Di sisi lain, situasi untuk masalah makanan mengalami kemajuan yang besar. Meskipun masih dengan daging girabbit, aku sudah bisa memasaknya dengan cara dipanggang.
Menggunakan beberapa batu untuk membuat kompor sederhana di luar gua, aku memotong daging tersebut menjadi potongan-potongan kecil dan menusuknya. Kemudian, aku mengolesi garam dan rempah-rempah lain di atasnya, aku menempatkan tusuk sate itu di atas api.
Suara mendesis dari lemak yang menetes ke bawah api benar-benar membuatku lapar.
Sayangnya, rasa daging panggang itu tidak seperti yang di harapkan. Perbedaan antara daging panggang menggunakan arang, dan daging panggang menggunakan api itu terlalu besar. Belum lagi tusuk kayunya itu benar-benar terbakar.
Kalau aku punya beberapa peralatan memasak, seperti panci….. hmmm, mari kita tambahkan hal itu ke dalam daftar ‘barang yang aku harus dapatkan di kemudian hari’.
Sekarang, saatnya untuk makan.
“Makan?” (Medusa)
Ia bertanya dengan lemah saat aku mencoba menyalakan api untuk memasak dengan korek api dan kayu bakar.
“Ya, makan.”
“Ok.” (medusa)
Dengan tingkat kemampuan bahasaku saat ini, aku hanya bisa melakukan percakapan sederhana seperti itu.
“Kamu makan?”
“Ah, tidak. Tidak makan.” (Medusa)
“Ya. Baiklah.”
Bahkan jika itu sebuah pertanyaan sederhana seperti apakah kita harus makan bersama atau tidak, aku masih harus memperagakannya menggunakan gerakan tangan.

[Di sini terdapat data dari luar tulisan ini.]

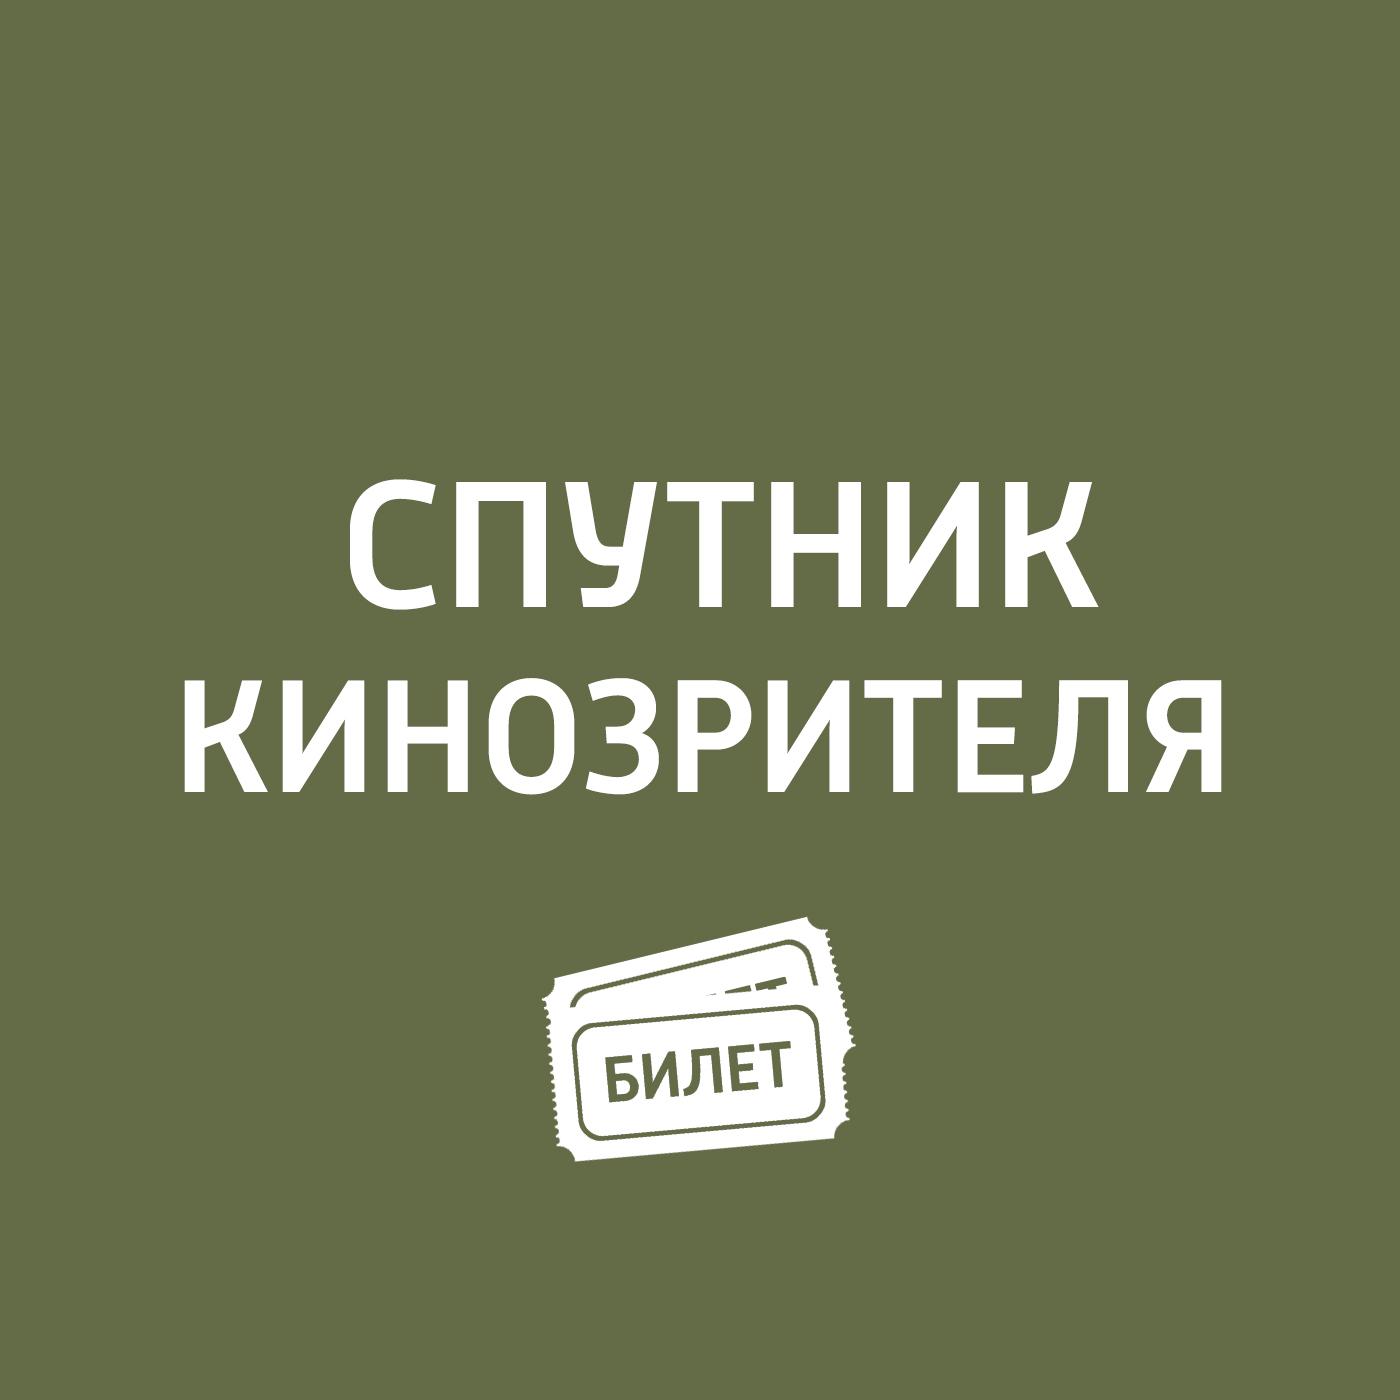 Антон Долин Неудержимые-3, «Красотки Парижа href

Sementara aku menyalakan api, aku teringat hari di mana aku membantunya mengenakan kalung. Setelah melakukan sesuatu yang membuatmu menjatuhkan rahang (tercengang), aku masih bisa melihat senyum puas di wajahnya. Mungkin itu sebuah cerminan kebodohanku?
Tentunya, dia yang kupeluk erat, telah menghilang dalam waktu 3 detik, dan kemudian segera menggeliat keluar dari lenganku. Selanjutnya, dengan sekeranjang belanjaan kami pada satu tangannya, dan dia menyeretku dengan tangannya yang lain, kami pun kembali ke gua.

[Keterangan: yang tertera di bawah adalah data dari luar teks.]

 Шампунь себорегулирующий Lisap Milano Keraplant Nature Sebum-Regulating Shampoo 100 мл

Apakah ini yang mereka sebut, ‘Menjadi keren hanya dalam 3 detik’?
Namun, itu adalah pertamakalinya aku melihat ekspresi malu Medusa. Meskipun dia tersipu malu, dia bicara padaku tidak sambil menghindari tatapanku.
Yap, dia malu dan itu benar.
Kemudian, dia membantah anggapan bahwa dia malu. Tapi aku masih merasa bahwa dia pasti malu.
…….
Kadang-kadang, aku akan memikirkan tentang hubungan kami berdua. Tapi karena memikirkan itu adalah sesuatu yang sia-sia, aku hanya mengabaikanya sambil melewati hari-hari yang damai.
Tidak ada yang buruk tentang membuat makanan sehari-hari, mencuci pakaian, membaca buku, dan kemudian belajar bahasa asing …..
…. pantatku! Aku ingin surffing di internet! Aku ingin makan nasi! Aku ingin menggunakan toilet yang layak di sebut toilet! Aku ingin tidur di kasur yang bersih dan nyaman, bukan pada sepotong kulit hewan yang bau!
Ugh…. terserahlah.
Kesampingkan dulu toilet siram, aku harus terus bekerja dan menahan pantatku menggunakan korek untuk menyalakan api. Oh, itu mulai menyala.
Api di sekitar kompor berkedip-kedip tanpa henti seperti gelombang, karena aku menempatkan daging tusuk (sate) di atasnya.
Seperti yang pernah kurasakan dari masakan iblis dengan rasa arang, rasa dari kulit kayu, rasa asap serta pasir, aku berharap upaya kali ini akan menghasilkan masakan yang lezat.
Sementara memanggang daging, aku mencoba mengkoreksi kata-kata yang telah kupelajari.
“Mai ge berarti salam.”
“Mai nita berarti perpisahan ….”
“Mereka tidak menyebutkan ‘halo’ dan ‘selamat tinggal’, jadi apa itu bisa digunakan sebagai bahasa yang sopan?”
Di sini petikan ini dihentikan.